Monday, 4 September 2006

Architecture v Architecture: Introduction

Commenting on this thread, blogger Den MT told me:
Far be it from me to engage in professional snobbery, PC, but for one who has erected such impregnable walls around their conception of 'art' and 'taste,' I'd be casting my eye a lot closer to home before rubbishing anyone else's aesthetic sensibilities.

Objectivity does not exist in art. You are a poor arbiter of taste if said taste is to be measured against the art you post (as 'the only true art').
'I see' your credentials as dubious. You demonstrate few intersections with what I enjoy and find engaging and entertaining about the visual arts, but the difference is that I don't claim any kind of intellectual authority for my opinion.
You post a lot of the classics on your site as examples of good architecture, but very few modern, current architects or buildings. Either you don't have your finger on the pulse as it were, you don't believe any good architecture is currently being produced, or (my bet) you wouldn't know good architecture if it landed on you from 6000mm AFFL.
You see, I'd been suggesting that it is possible to objectively determine that one thing is art and another is just a pile of shit, and Den disagreed. I'd suggested that individual taste is certainly subjective, but that what we like is nonetheless able to be analysed objectively to tell us something about ourselves and the way we see the world -- to which Den disagreed.
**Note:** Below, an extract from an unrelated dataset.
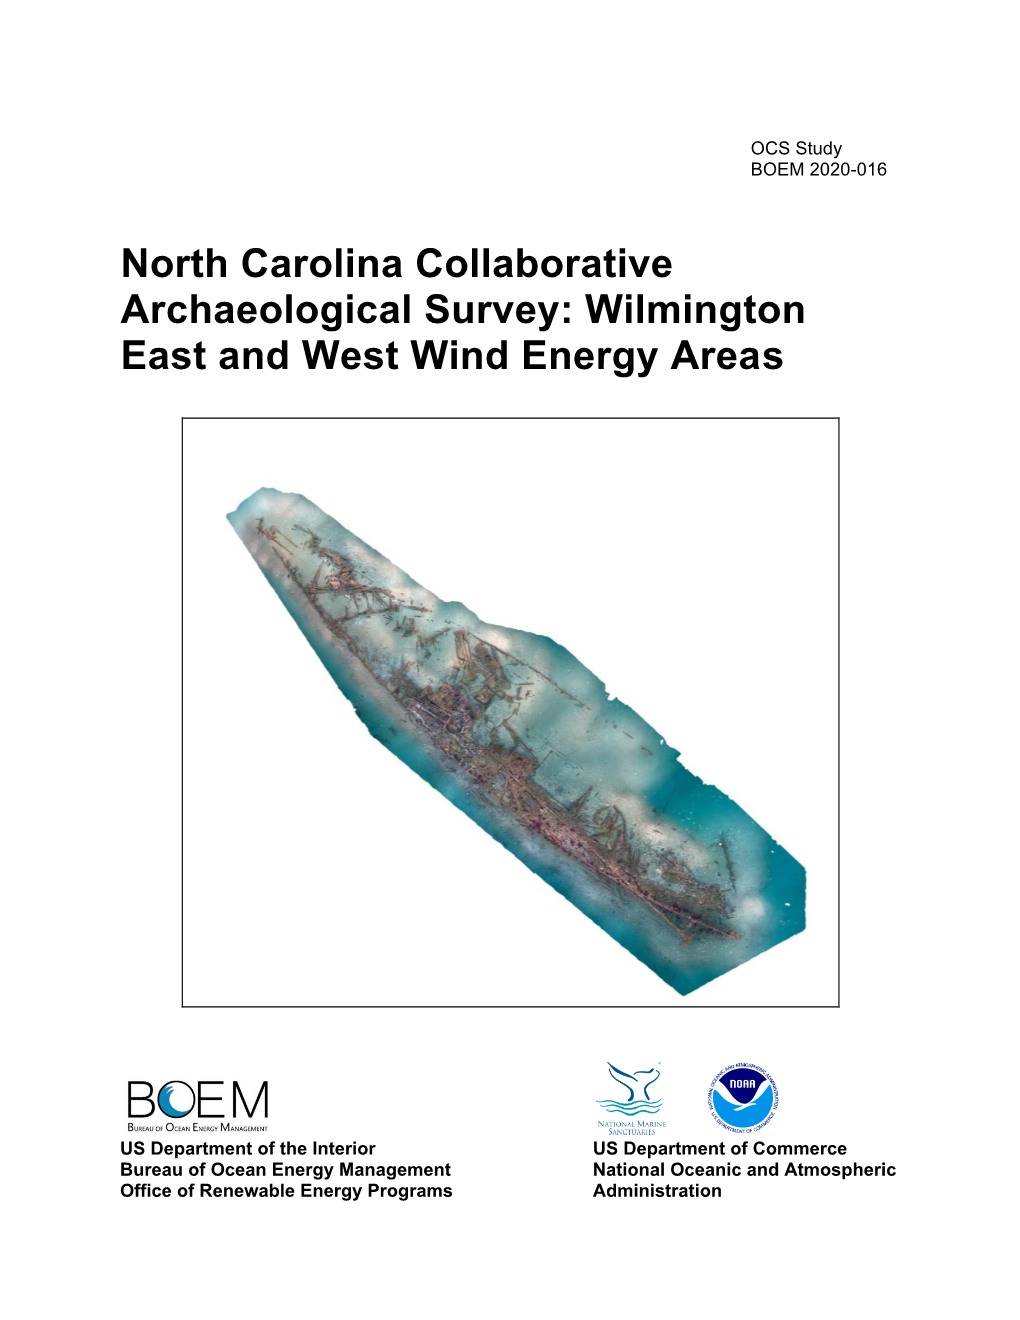 North Carolina Collaborative Archaeological Survey: Wilmington East and West Wind Energy Areas

I'd suggested that art is a shortcut to our philosophy ... and Den suggested I was talking nonsense.

So what's a commentator to do?

Well, in the interests of free speech and artistic and architectural debate (and of getting the fingers of 'Not PC' readers closer to the pulse -- where I know they want to be), I invited Den to join with me over the next week-and-a-bit in each posting here at 'Not PC' five of our own architectural favourites, and with each an argument for why we say it's good, and then let's see where it gets us.

So tonight, Den kicks off with ... well, you'll just have to tune back in tonight and find out, won't you. See you then.

RELATED: Architecture, Art


  1. So we can objectively state what subjectively appeals to us? That doesn't mean much.

  2. Well, let me restate it.

    A piece of art appeals to you. That it appeals to you, but not perhaps me, shows that your 'taste' for that piece is (somewhat) subjective.

    But can we say anything about that piece of art, and therefore our taste for it? Yes, we can. We can assess the art and our like for it, which are both facts open to analysis, and from that learn something about ourselves.

    Here's a very simple example. You find that you're really enjoying listening to sad music. That you do is a fact. That the music expresses sadness is also a fact. Your taste for this music at this point in your life is subjective, but it tells you something about yourself, which might be that you're sad.

    If you've just experienced a loss, that might of course be no surprise.

    Let me hasten to add that assessing art or your tastes like this is not the primary purpose of art (not unless you're an art therapist). In a time of great loss, for instance, you already know you're sad: what you're doing here is perhaps wallowing for a while in your sadness, really feeling it, and perhaps finding a way out -- but while we're enjoying it the music is emotionally reflecting back to us that this is the way we (presently) see the world, and the music we're enjoying is helping us to understand that, and to feel that as an emotional sum.

    So perhaps in that sense it does "mean much"?

  3. Richard Feynman, one of the greatest quantum physicists, also detected that you could objectively judge art.

    But only after he had tried it himself.

    In order to appreciate what is good and what is just bullshit, might it not be that people should try creating something first?

    That objectivity doesn't come from pure reasoning, but from experience?

  4. I think that art is bad when so called 'art expert' try to market a piece of shit as good art. I had seen in one episode of "60 minutes" current affair of how, some paintings produced by some primary school children were given to 3 New York art experts to evaluate. They all priced those paintings at 50,000 upwards. What were unknown to the experts, that the paintings were done by school kids , as part of "60 minutes" program. The goal was to see how obscene , art is being priced, by so called 'art expert'. When the experts were told that all the paintings came from school kids, 2 of them changed the subject to talk about the potentials of those kids in the art world. Instead of telling the '60 minutes' program that their so called expertise is nothing but a subjective opinion, which means that their expertise is no expertise at all, they avoided the question and started talking about the future of theso children in art. It is the so called professional 'art experts' that are conning the public to buy something worthless at a price of 100,000 or more. NOW, I have a problem with that. It means that shit art is made out as good art, and this is done deliberately. Such practice from art experts does devalue of what is really good & real art.